Dermatological phenomena: Skin erythema and/or rash, small tortoiseshell, alopecia (seldom), photosensitivity, furunculosis, depigmentation or hyperpegmentation, eels, skin peeling, formation of blisters, folliculitis.

Allergic reactions: Fever, fever, rash, urticaria, anaphylaxis.

Bodies of sight: Konjyuktivit, excess dacryagogue, a cataract, a photophobia, a cortical blindness (at high doses).

Immune status: Immunosuppression, decrease in resistance to injection diseases.

Others: Indisposition, osteoporosis, hyperuricemia, vasculitis. Seldom - a pneumonitis, a pneumosclerosis.

Prevention and precautionary measures:

The methotrexate is cytotoxic drug therefore it is necessary to observe care in the treatment of him.

The medicinal forms containing preservatives in a particular benzyl alcohol, it is forbidden to use for intrathecal introduction and at high-dose therapy.

At introduction of high doses of the Methotrexate careful control of the patient is necessary for early identification of the first signs of toxic reactions.

During therapy by the Methotrexate in the raised and high doses it is necessary to watch for рН urine: in day of introduction and in the next 2-3 days reaction of urine has to be alkaline. It is reached by intravenous drop administration of the mix consisting of 40 ml of 4,2% of solution gidrokarbonata sodium and 400-800 ml of isotonic solution of chloride of sodium the day before in day of treatment and in the next 2-3 days.

Methotrexate in the raised and high doses it is necessary to combine treatment with the strengthened hydration to 2 l of liquid a day. Introduction of the Methotrexate in a dose of 2 g/m2 and is carried out under control of its concentration in blood serum above. Decrease in maintenance of a methotrexate in blood serum in 22 hours after introduction to 2 times in comparison with initial level is considered normal. Increase in level of creatinine for 50% and more initial contents and/or increase of level of bilirubin demand intensive disintoxication care.

For treatment of psoriasis the Methotrexate is appointed only the patient with a severe form of a disease, not poddayushchiyeysya to treatment by other types of therapy.

The periodic analysis of blood, determination of content of leukocytes and thrombocytes, carrying out hepatic and renal functional tests is necessary for prevention of toxicity in the course of treatment by the Methotrexate.

At development of diarrhea and ulcer stomatitis therapy by the Methotrexate needs to be interrupted, in an opposite case it can lead to development of hemorrhagic enteritis and to death of the patient owing to an intestines perforation.

At patients with the broken function of a liver the period of identification of the Methotrexate is increased therefore, at such patients therapy should be carried out with extra care, using reduced doses.


Interaction with other medicines:

Simultaneous use of high doses of the Methotrexate with various nonsteroid antiinflammatory drugs (NPVP), including aspirin and other salicylates, azapropazon, diclofenac, indometacin and ketoprofen, toxicity of a methotrexate can amplify, and in a number of cases perhaps heavy toxic action, sometimes even with a lethal outcome. At observance of special precautionary measures and a provedeeniye of the corresponding monitoring use of a methotrexate in low doses (7,5-15 mg a week), in a particular at treatment of rhematoid arthritis, in a combination with NPVP is not contraindicated.

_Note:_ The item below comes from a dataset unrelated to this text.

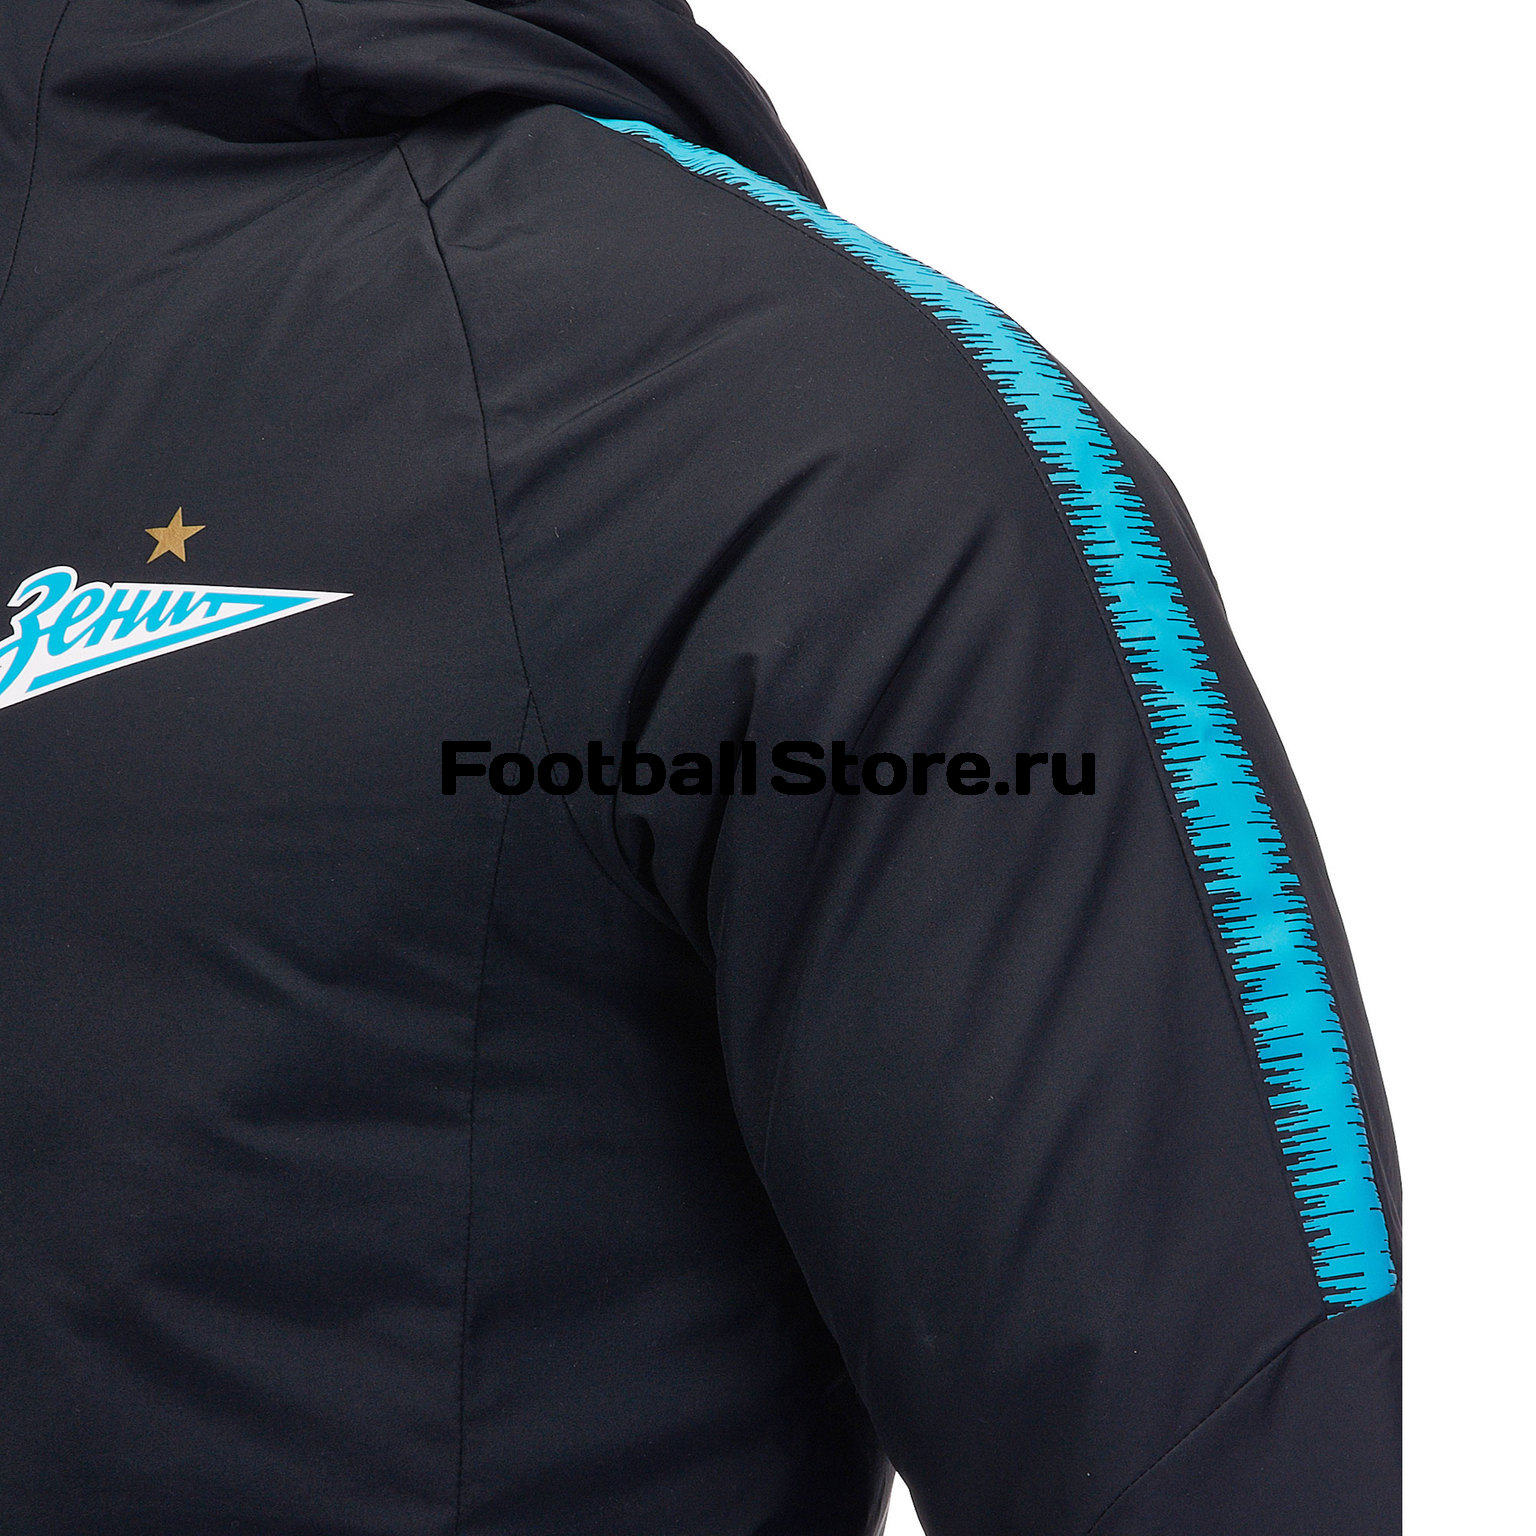 Куртка зимняя Nike Zenit 2018/19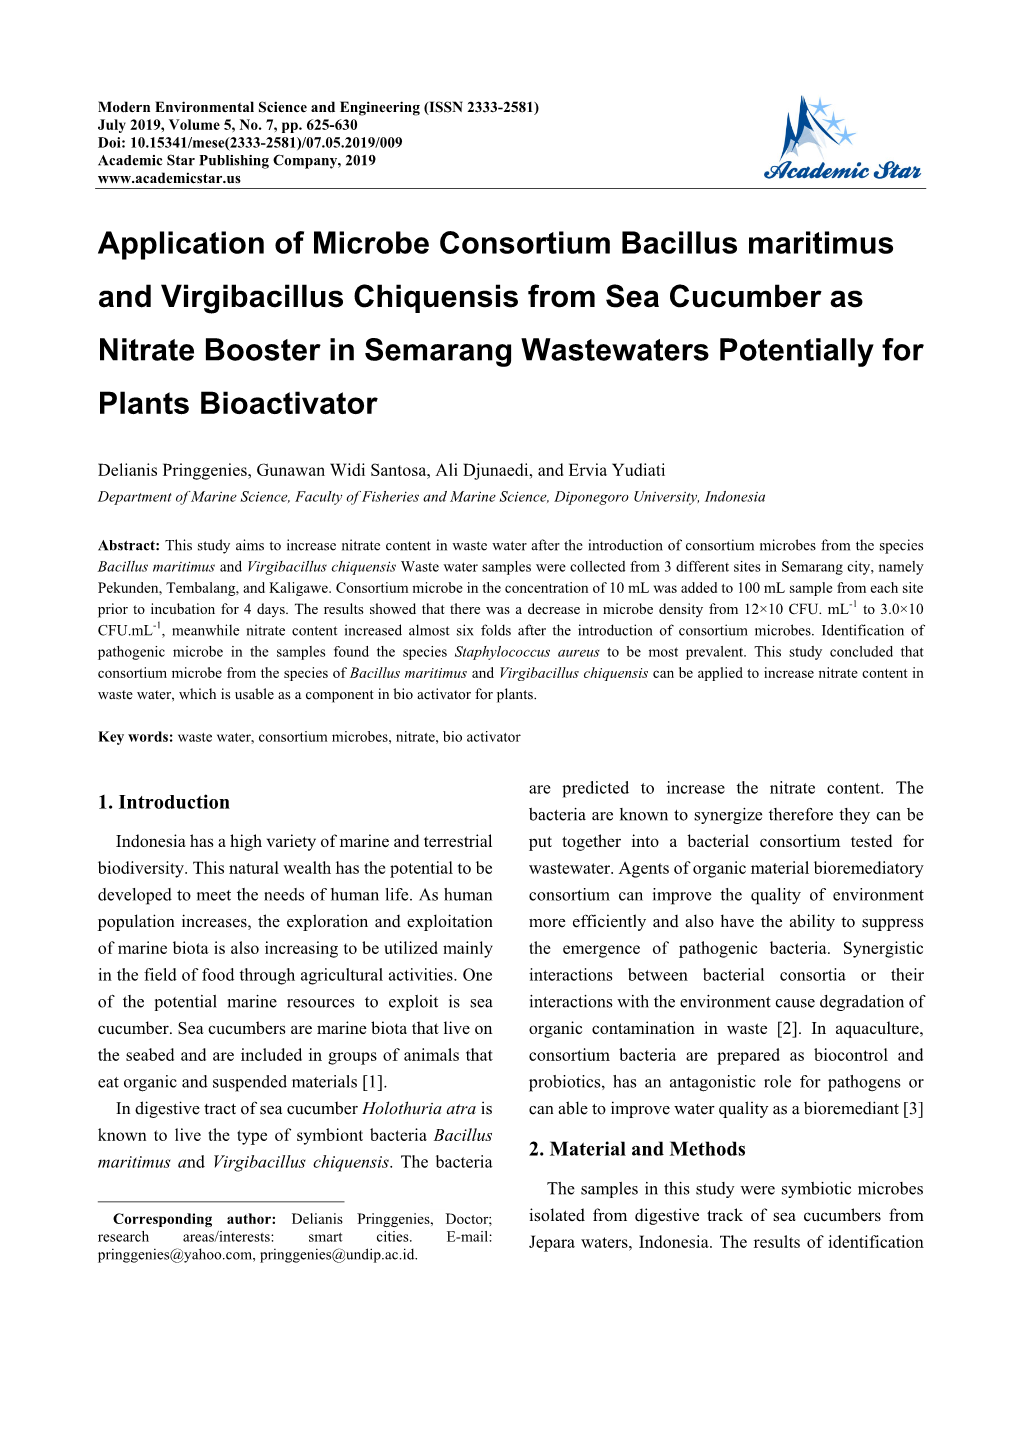 Application of Microbe Consortium Bacillus Maritimus and Virgibacillus

Simultaneous use of streptocides, derivative sulphonylurea, Phenytoinum, phenylbutazone, aminobenzoic acid, probenitsida, Pyrimethaminum or Trimethoprimum, a number of antibiotics (penicillin, tetracycline, chloramphenicol), anticoagulants and hypolipidemic drugs (holestiramin) increases risk of toxicity of a methotrexate.

The patients receiving the accompanying therapy etretinatom or other retinoids, have to be under constant observation because of the increased risk of a hepatotoxic.

The polyvitaminic drugs containing folic acid or its derivatives can reduce efficiency of therapy by a methotrexate.

L-aspariganaza is an antagonist of a methotrexate.

Carrying out anesthesia with use of protoxide of nitrogen can lead to development of an unpredictable heavy miyelosupressiya and stomatitis.

Purpose of Amiodaronum to the patients receiving therapy by a methotrexate concerning psoriasis can cause a skin ulceration.

At several patients with psoriasis or fungoid mycosis receiving treatment by a methotrexate in a combination with PUVA-terapiya (Methoxalenum and ultra-violet radiation) skin cancer was revealed.

It is necessary to observe care at simultaneous introduction of erythrocyte weight and a methotrexate.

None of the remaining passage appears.